Здесь я ставлю только вопрос, что дает «Китаб-и Коркуд» для уяснения некоторых сторон общественной жизни огузов, когда они еще жили на территории Средней Азии, а также тех огузов, которые в сельджукский и монгольский периоды остались на территории собственно Туркмении.
Наиболее ценными сведениями по социальной истории огузов (туркмен), живших в начале Х в. на территории между Чингом (спуск с Усть-Урта) и р. Эмбой, является описание Ибн-Фадлана, сделанное в 922 г.
Это описание заключает в себе ряд таких деталей, которые дают возможность представить уровень общественного развития огузов этого времени. Однако наблюдения Ибн-Фадлана односторонни, не затрагивают многих весьма существенных сторон общественной жизни, а главное дают лишь фрагменты общей картины. Мало помогают в этом отношении и весьма скудные сведения других авторов, как арабских, так и персидских.
Как мы увидим ниже, в прекрасных песнях «Китаб-и Коркуд» мы найдем немало такого, что поможет нам конкретизировать наши фрагментарные и схематические представления, полученные из скудных источников.

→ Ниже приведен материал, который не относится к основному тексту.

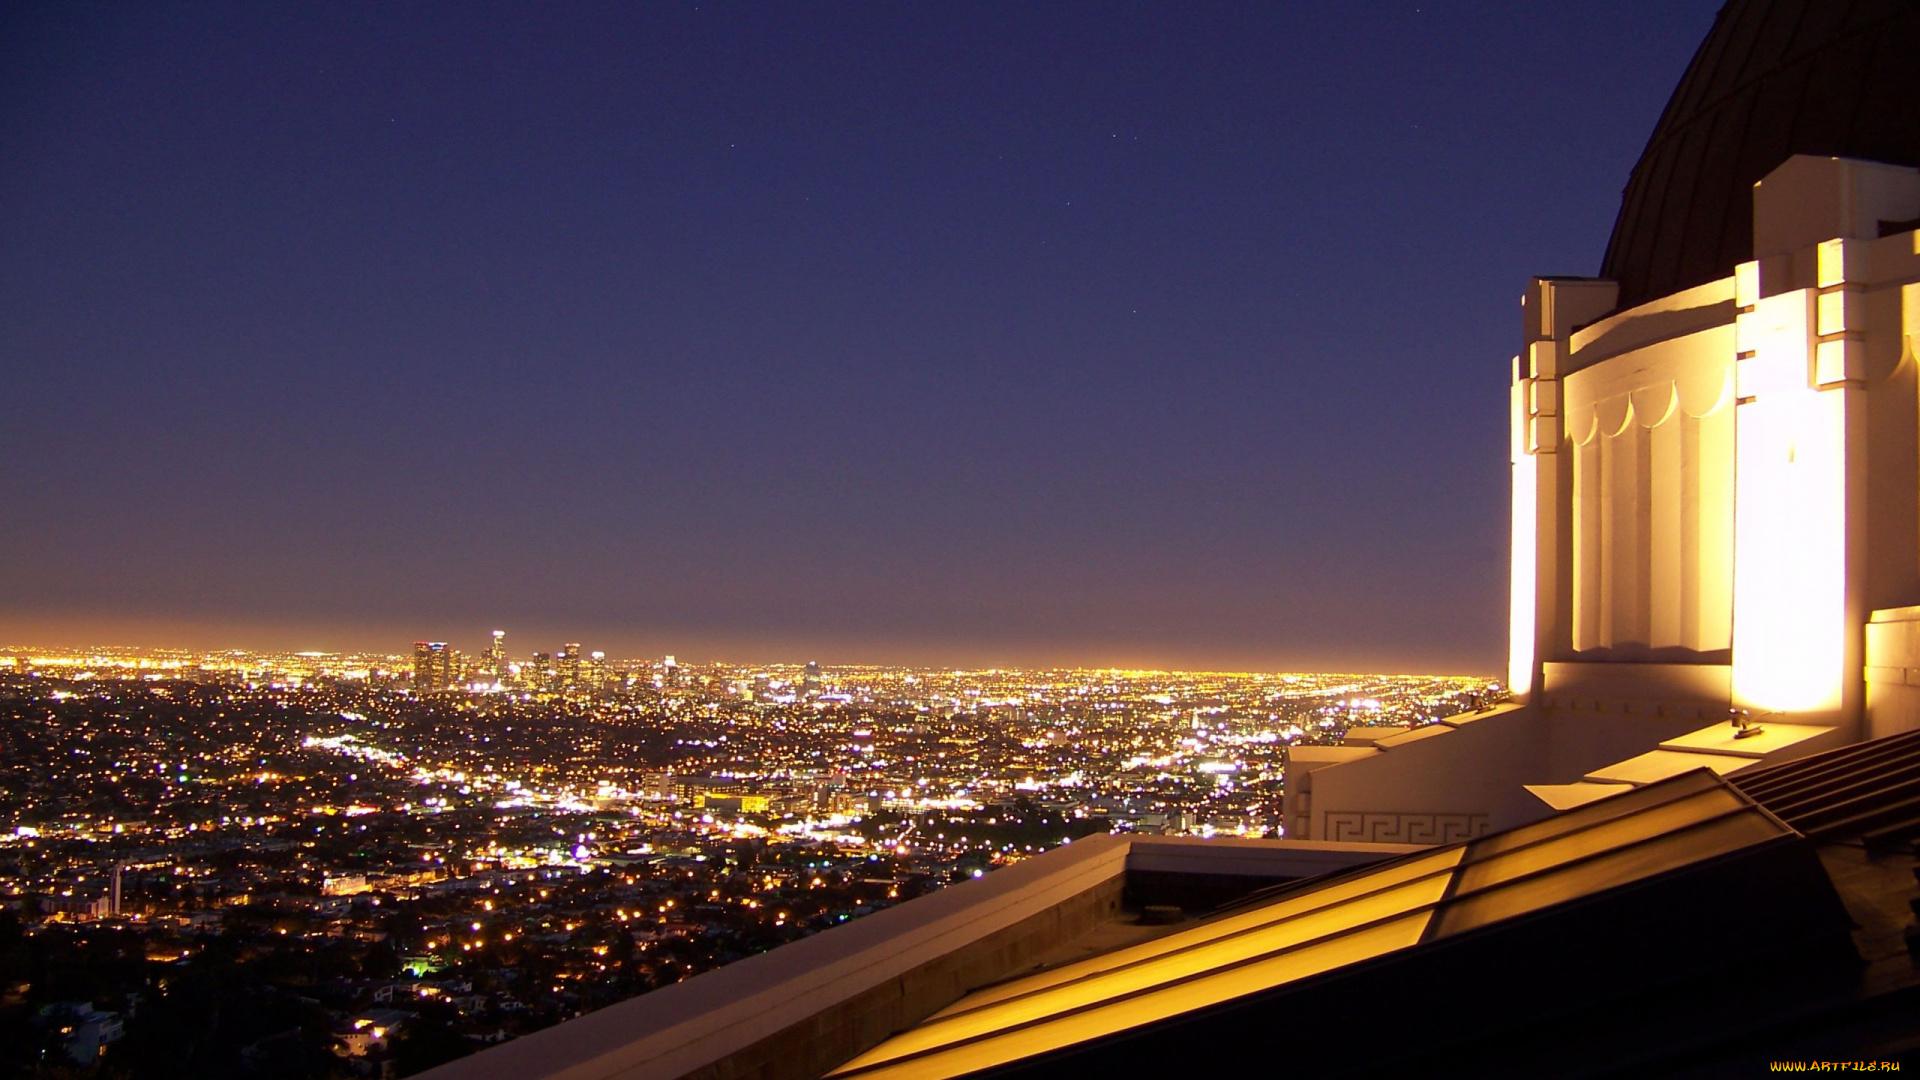 Картинки город ночь крыши

В «Китаб-и Коркуд» огузы выступают уже как общество с вполне сложившейся кочевой аристократией, что не мешает, впрочем, сохранению в неприкосновенном виде таких глубоких пережитков древности, как тотемизм. Одна из былин «Китаб-и Коркуд», «Рассказ о разграблении дома Салор-Казана», начинается следующими характерными словами: «Однажды сын Улаша, детеныш птицы Тулу, надежда для нас бедных, лев племени и рода, тигр толпы...». (9) В другой песне, «Рассказ о Бамси-Бейреке, сыне Кам-Буры», говорится: «Опора остальных джигитов, надежда для нас бедных, тень Баюндур-хана, детеныш птицы Тулу, столп Туркестана, лев племени и рода...». (10) Хан огузов всегда, согласно «Китаб-и Коркуд», выступает в окружении своих беков, богатство которых выражается в тысячах, а иногда десятках тысяч верблюдов, коней. овец и баранов. Так, хан Казан из известного огузского (туркменского) рода Салор, «зять хана Баюндура, счастье остальных огузов», (11) в один из наиболее критических моментов своей жизни получает помощь от своих беков. «Китаб-и Коркуд» в изумительных образах дает длинный перечень этих беков... (12) Конечно, мы здесь имеем художественную обработку. ярко выраженную идеализацию; более того, в образах беков выступают [125] и олицетворения представлений о «рыцарских» идеалах в условиях кочевого дофеодального общества; тем не менее самые образы эти внешним своим выражением отображают строй общественных отношений. Беки эти, пришедшие на помощь Казан-хану, дали гяурам бой. Все они пришли со своими отрядами и заняли в сражении определенные позиции. Описание боя дает ту же картину, которая хорошо знакома нам из арабских и персидских источников: «На правом крыле ударил удалой Дундаз с беками внешних огузов; на левом крыле ударил с молодцами-джигитами удалой Будаг, сын Кара-Гюне; Казан с беками внутренних огузов ударил в центр». (13) Здесь мы видим строй, столь общий всем кочевым армиям, характерный как для тюрок, так и для монголов. Каждый из беков — глав определенных родовых делений — по старшинству занимал место в соответствующих точках правого и левого крыльев, а также центра.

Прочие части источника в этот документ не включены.